Task item.
No pictures go into the copy. Write out every line below exactly.

Data below.

+-------+

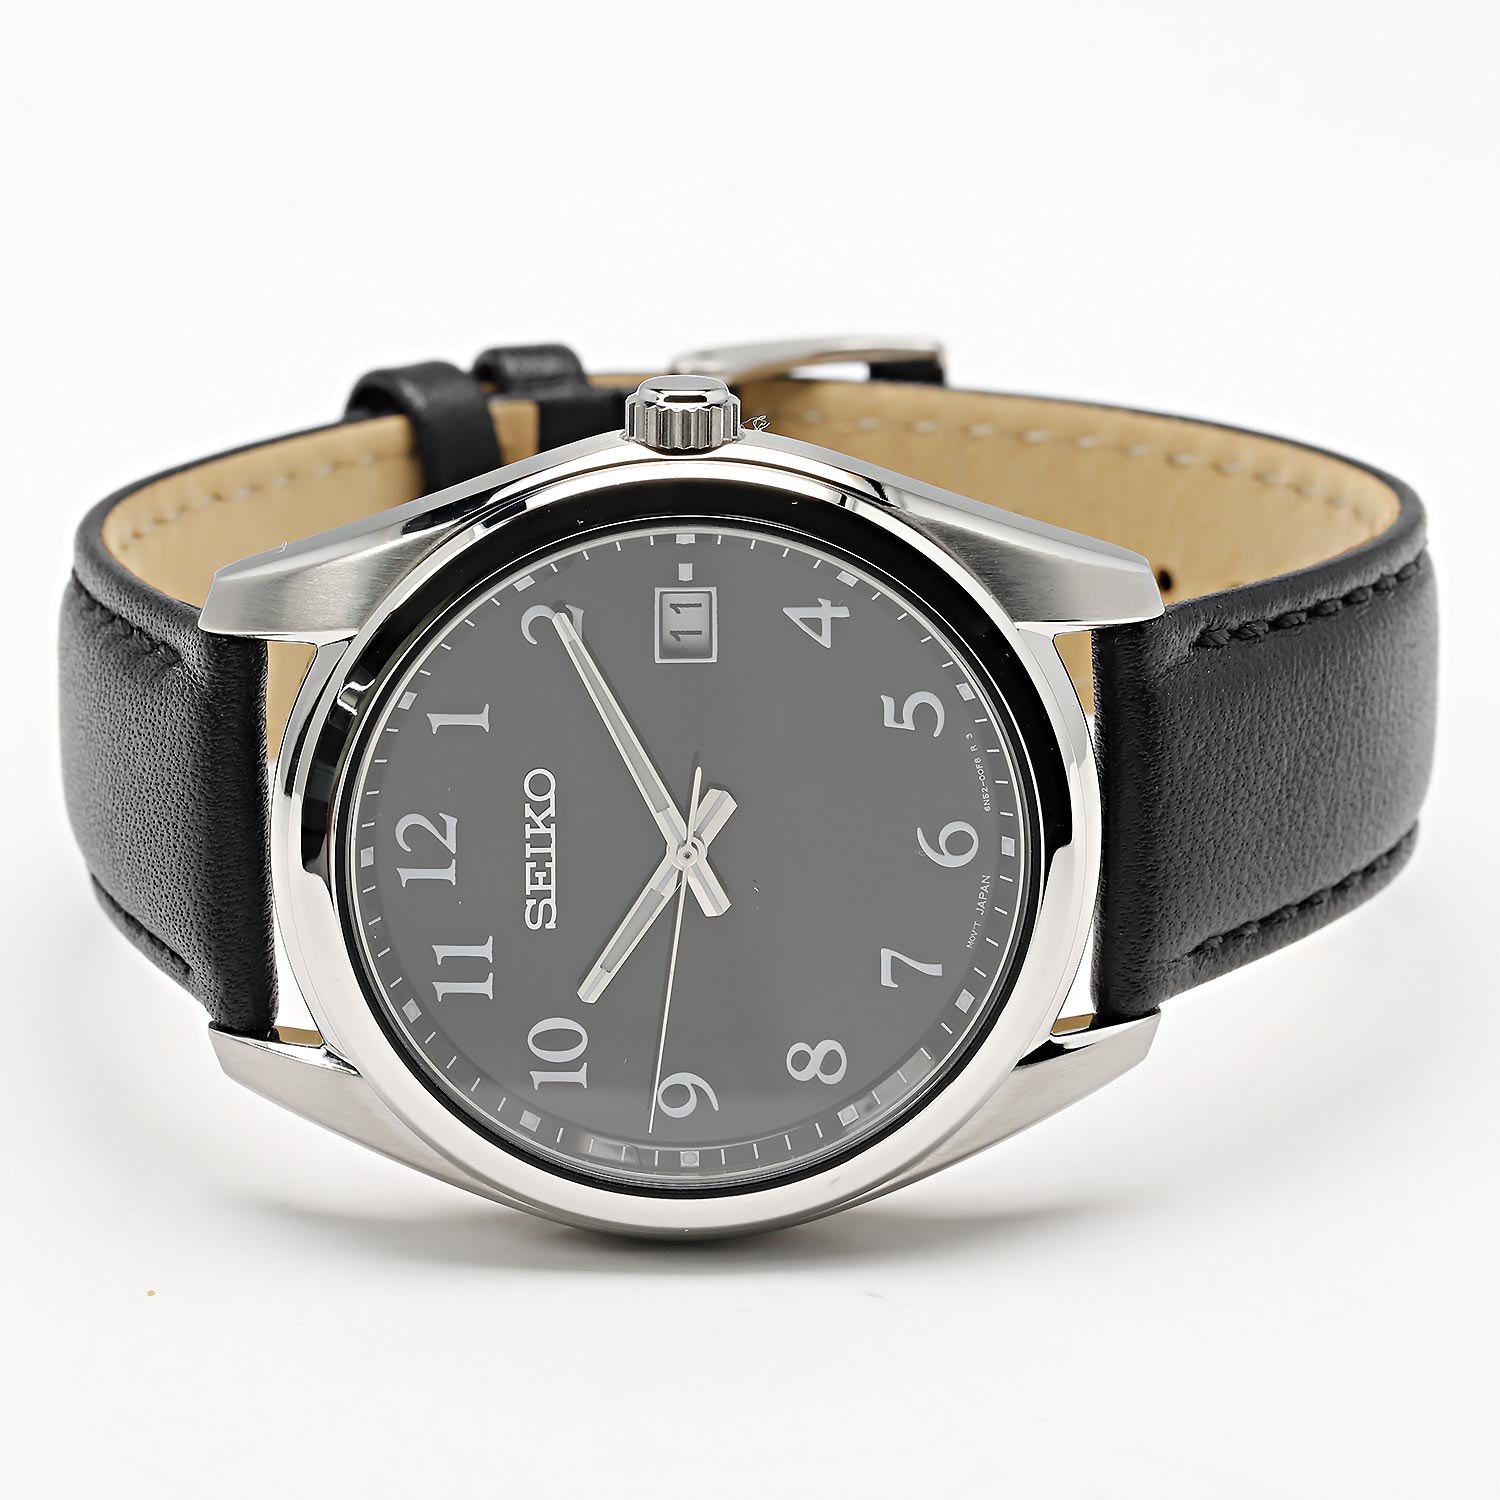 Наручные часы Seiko интернет-магазине купить AllTime.ru по в описание инструкция, — цене, фото, SUR461P1 характеристики, лучшей
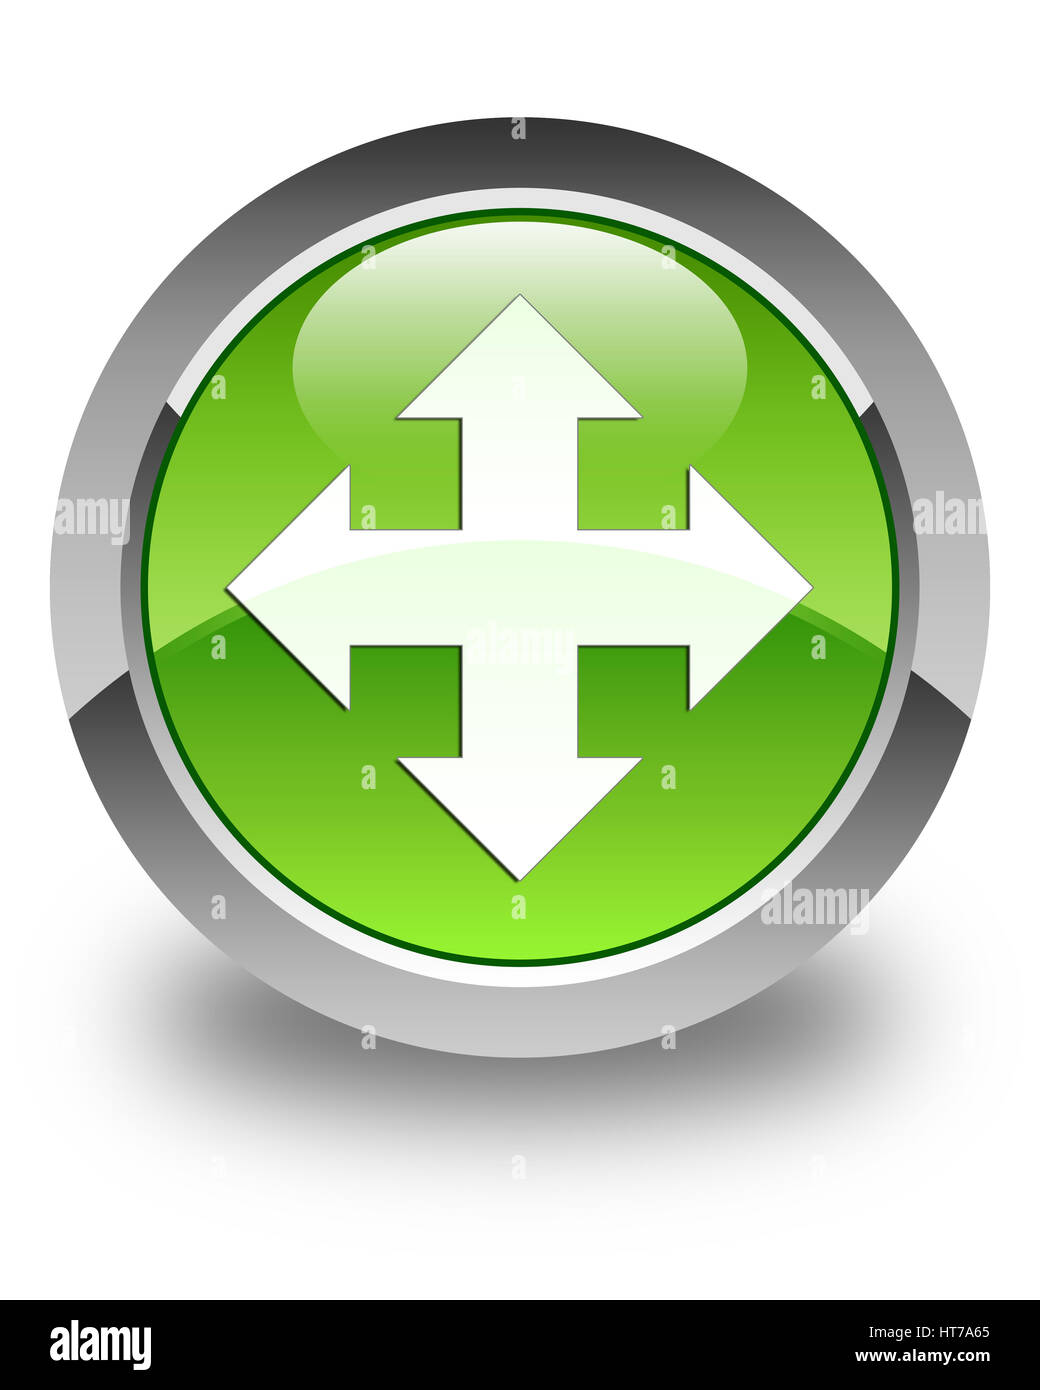 L'icône Déplacer isolé sur le bouton rond vert brillant abstract illustration Banque D'Images
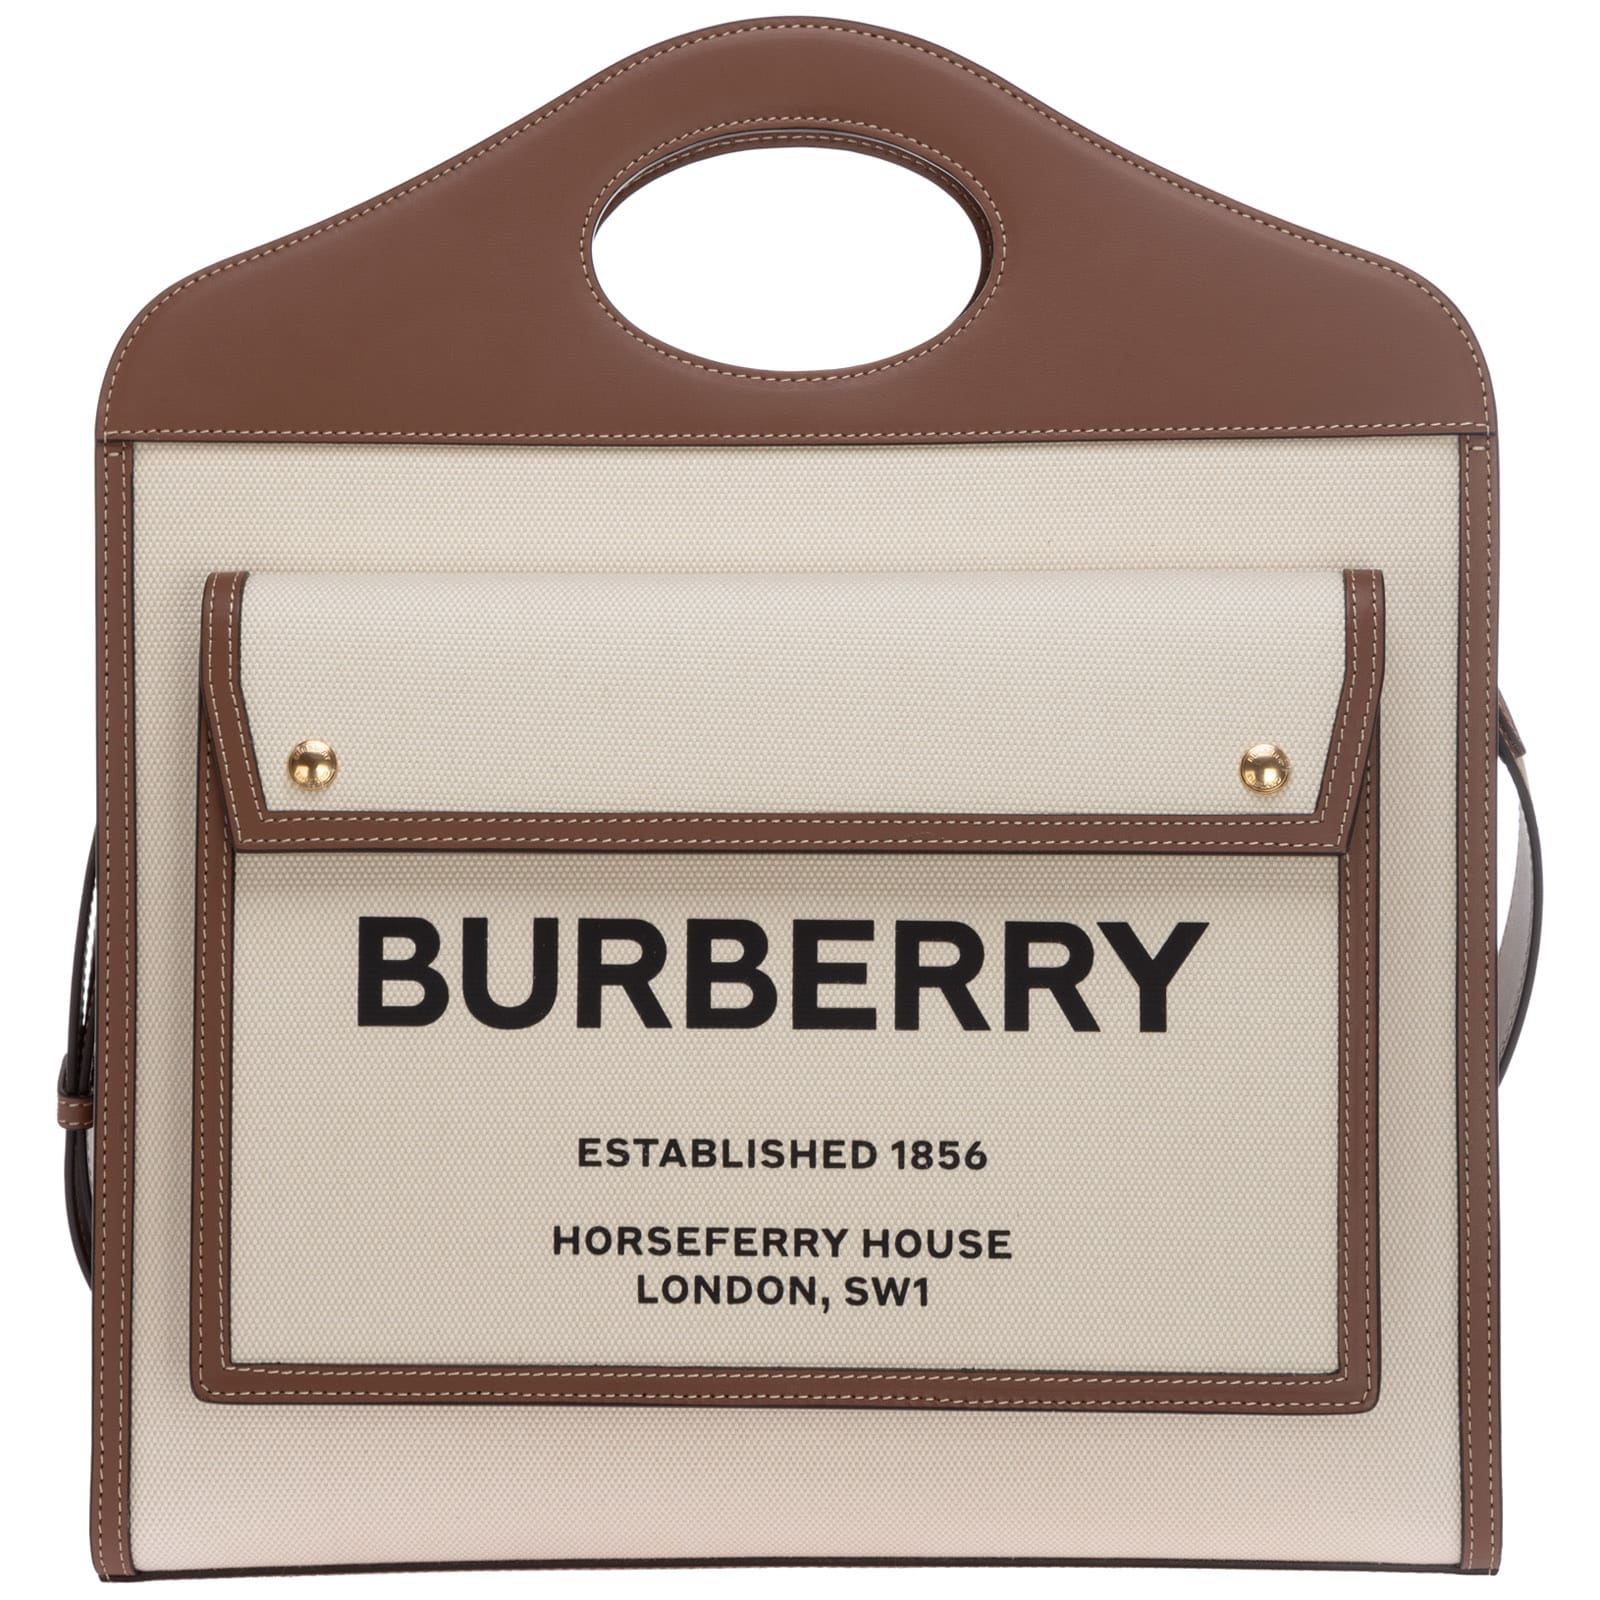 BURBERRY POCKET SHOULDER BAG,11786712
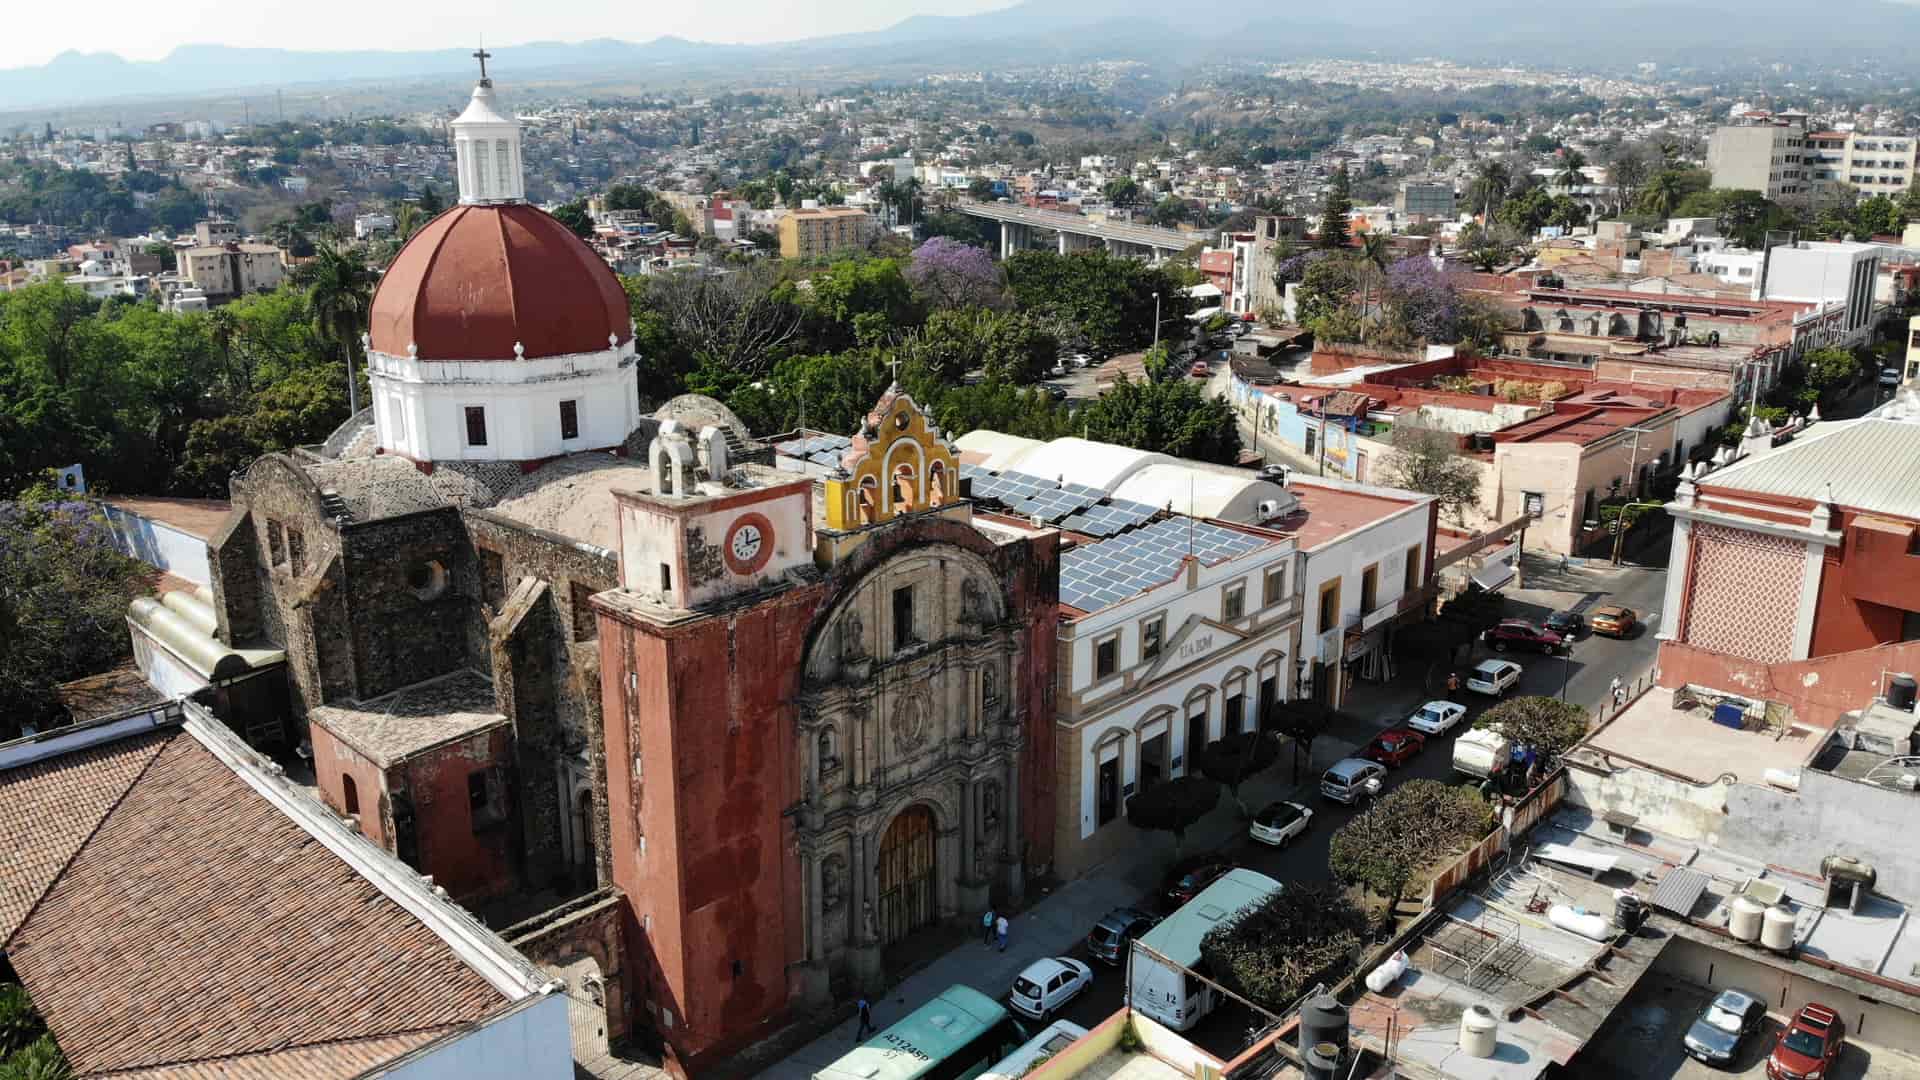 vista aerea de unos templos en la ciudad de cuernavaca donde hay sucursales de dish

+-------+

Result of this task.
 Наручные часы Seiko интернет-магазине купить AllTime.ru по в описание инструкция, — цене, фото, SUR461P1 характеристики, лучшей
 L'icône Déplacer isolé sur le bouton rond vert brillant abstract illustration Banque D'Images
 BURBERRY POCKET SHOULDER BAG,11786712
 vista aerea de unos templos en la ciudad de cuernavaca donde hay sucursales de dish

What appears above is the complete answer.